The density of gold, like most materials, is affected by temperature. As the temperature increases, the volume of the gold expands, leading to a slight decrease in density.


Pressure can also affect the density of gold. Increased pressure can cause the gold atoms to be packed more closely together, resulting in a higher density.


The presence of impurities in gold can also affect its density. Even small amounts of other metals or contaminants can alter the overall density of the material.
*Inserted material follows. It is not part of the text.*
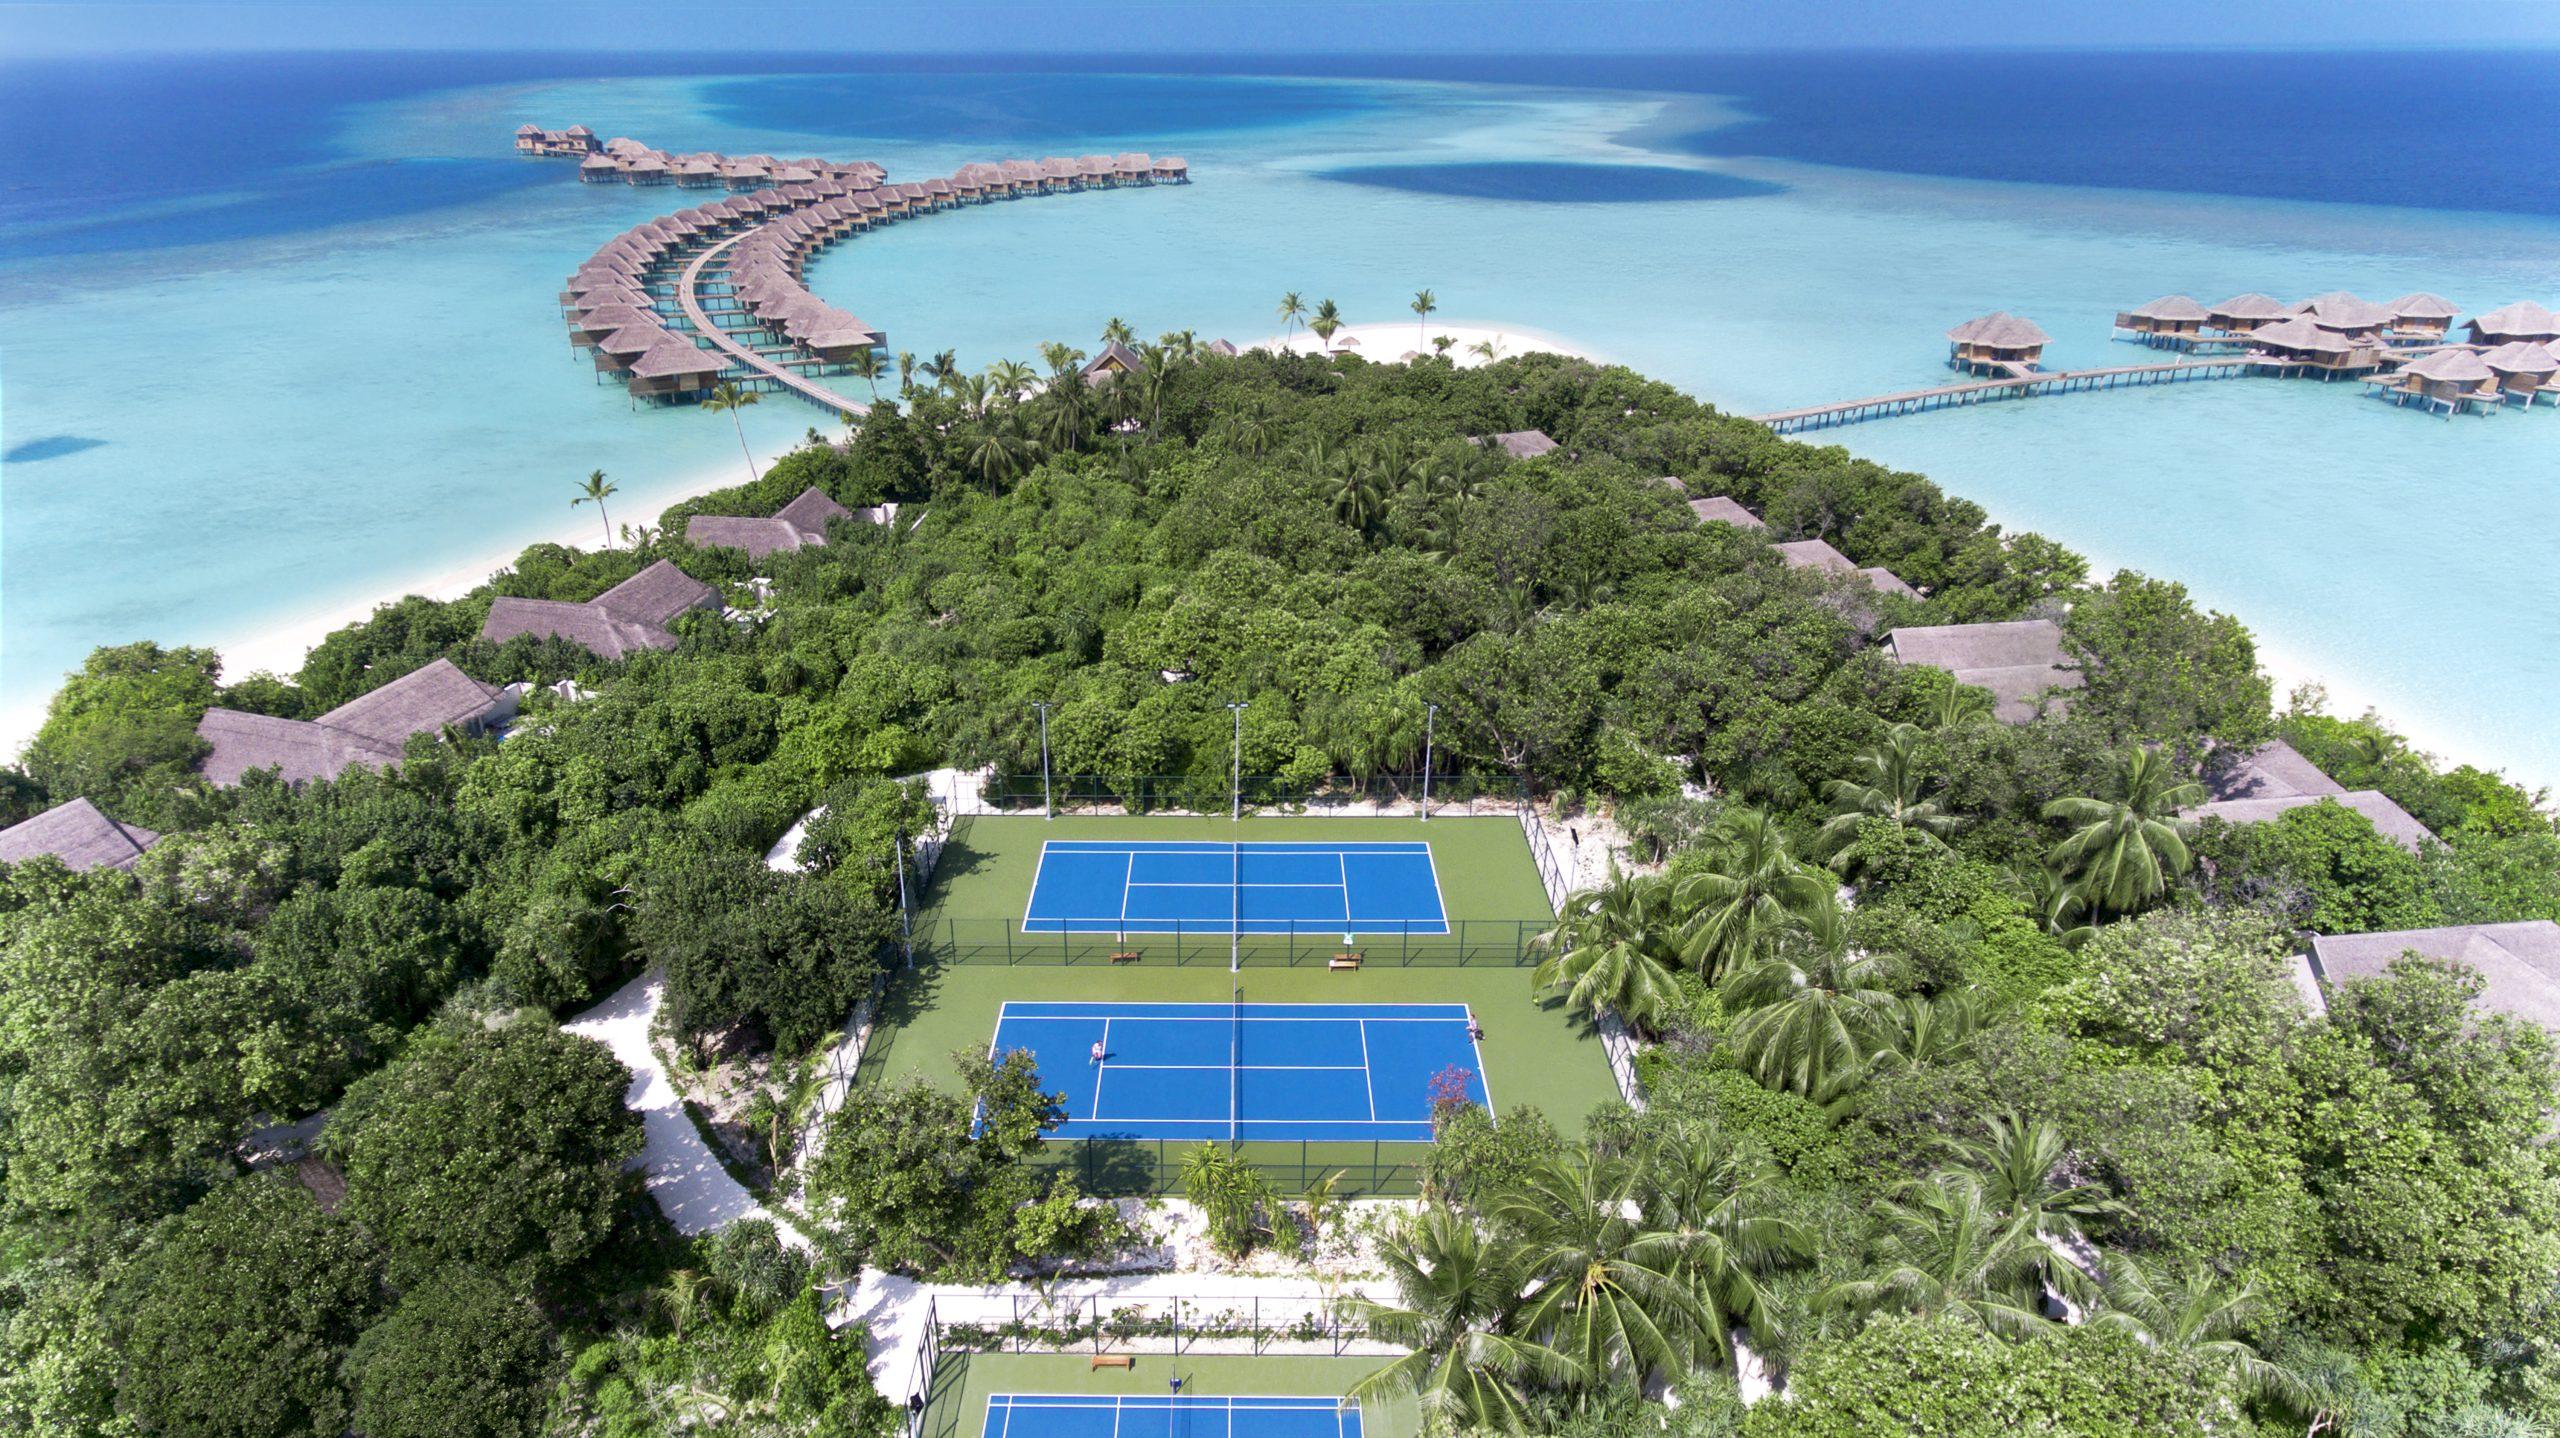 Sports Fields Aerial
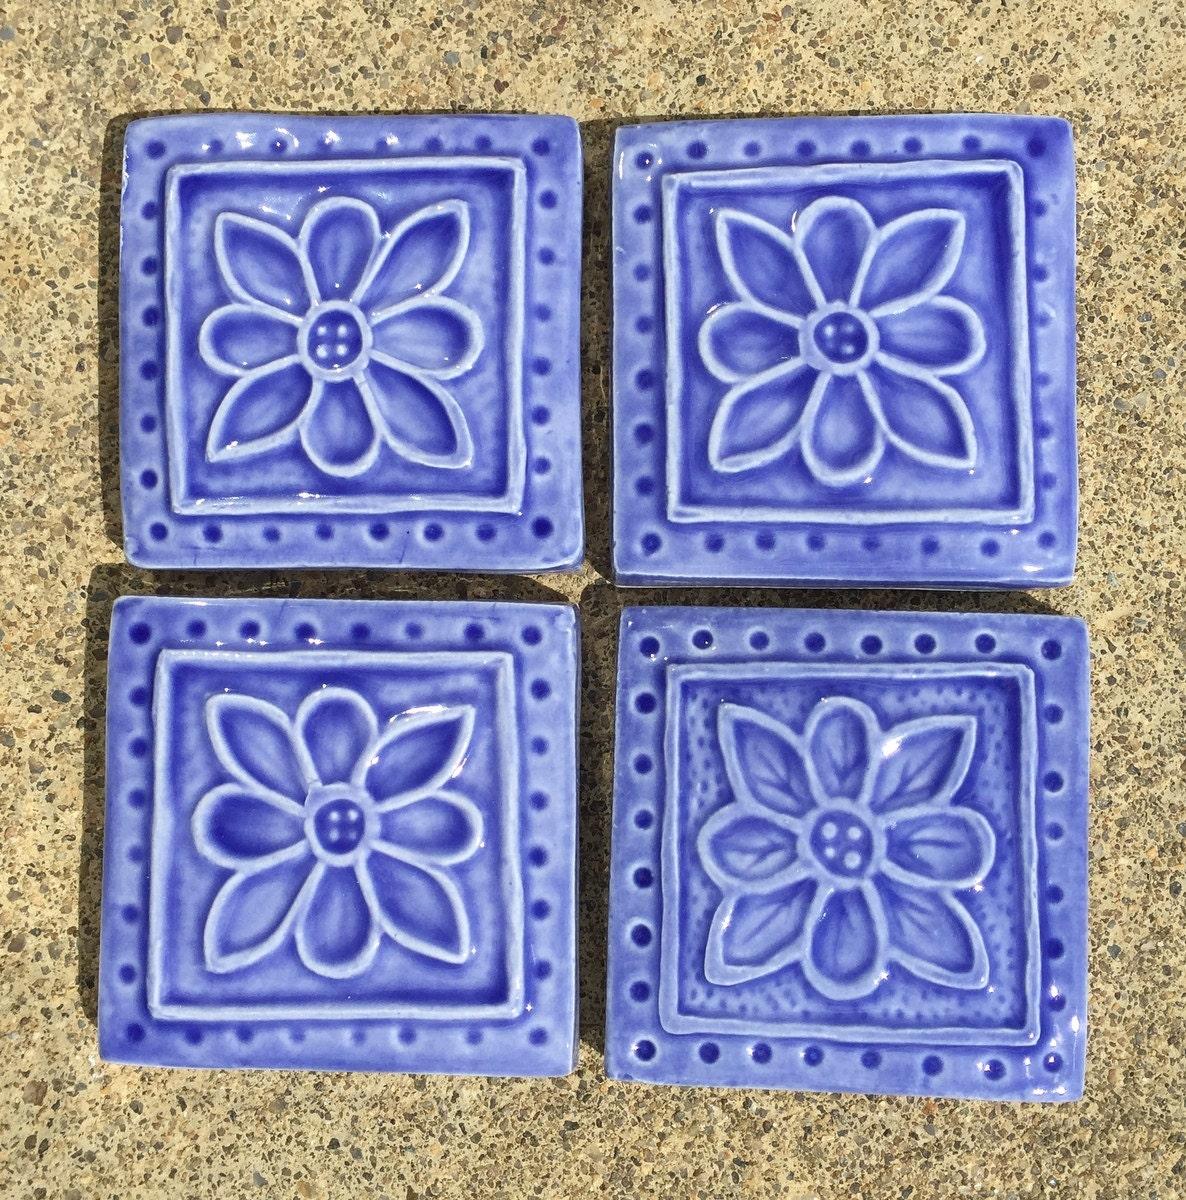 Ceramic tile decorative accents

Numerical Examples and Calculations

To better illustrate the concepts of gold density, let’s consider some numerical examples and calculations:

Example 1: Calculating the Mass of a Gold Nugget

Suppose you have a gold nugget with a volume of 5 cm³. What is the mass of the nugget?

– Density of gold = 19.32 g/cm³
– Volume of the nugget = 5 cm³

To calculate the mass, we can use the formula:
Mass = Density × Volume
Mass = 19.32 g/cm³ × 5 cm³
Mass = 96.6 g

Therefore, the mass of the gold nugget is 96.6 grams.

Example 2: Determining the Purity of a Gold Alloy

An alloy sample has a density of 14.6 g/cm³. What is the percentage of gold in the alloy?

– Density of the alloy = 14.6 g/cm³
– Density of pure gold = 19.32 g/cm³

To calculate the percentage of gold in the alloy, we can use the following formula:
Percentage of Gold = (Density of Alloy / Density of Pure Gold) × 100%
Percentage of Gold = (14.6 g/cm³ / 19.32 g/cm³) × 100%
Percentage of Gold = 75.62%

Therefore, the alloy sample contains approximately 75.62% gold.

Example 3: Calculating the Volume of a Gold Coin

A gold coin has a mass of 31.1 grams. What is the volume of the coin?

– Mass of the gold coin = 31.1 g
– Density of gold = 19.32 g/cm³

To calculate the volume, we can use the formula:
Volume = Mass / Density
Volume = 31.1 g / 19.32 g/cm³
Volume = 1.61 cm³

Therefore, the volume of the gold coin is 1.61 cubic centimeters.

These examples demonstrate how the density of gold can be used to solve various problems related to the mass, volume, and purity of gold samples.


The density of gold, at 19.32 g/cm³, is a fundamental property that has significant implications in various fields, from jewelry making to industrial applications. Understanding the factors that affect gold’s density, as well as the techniques used to measure it, is crucial for anyone working with this valuable metal.

By exploring the intricacies of gold’s density, this comprehensive guide has provided physics students with a deeper understanding of this important physical property. Whether you’re interested in the practical applications of gold’s density or the underlying scientific principles, this guide has covered the essential information you need to become an expert on the topic.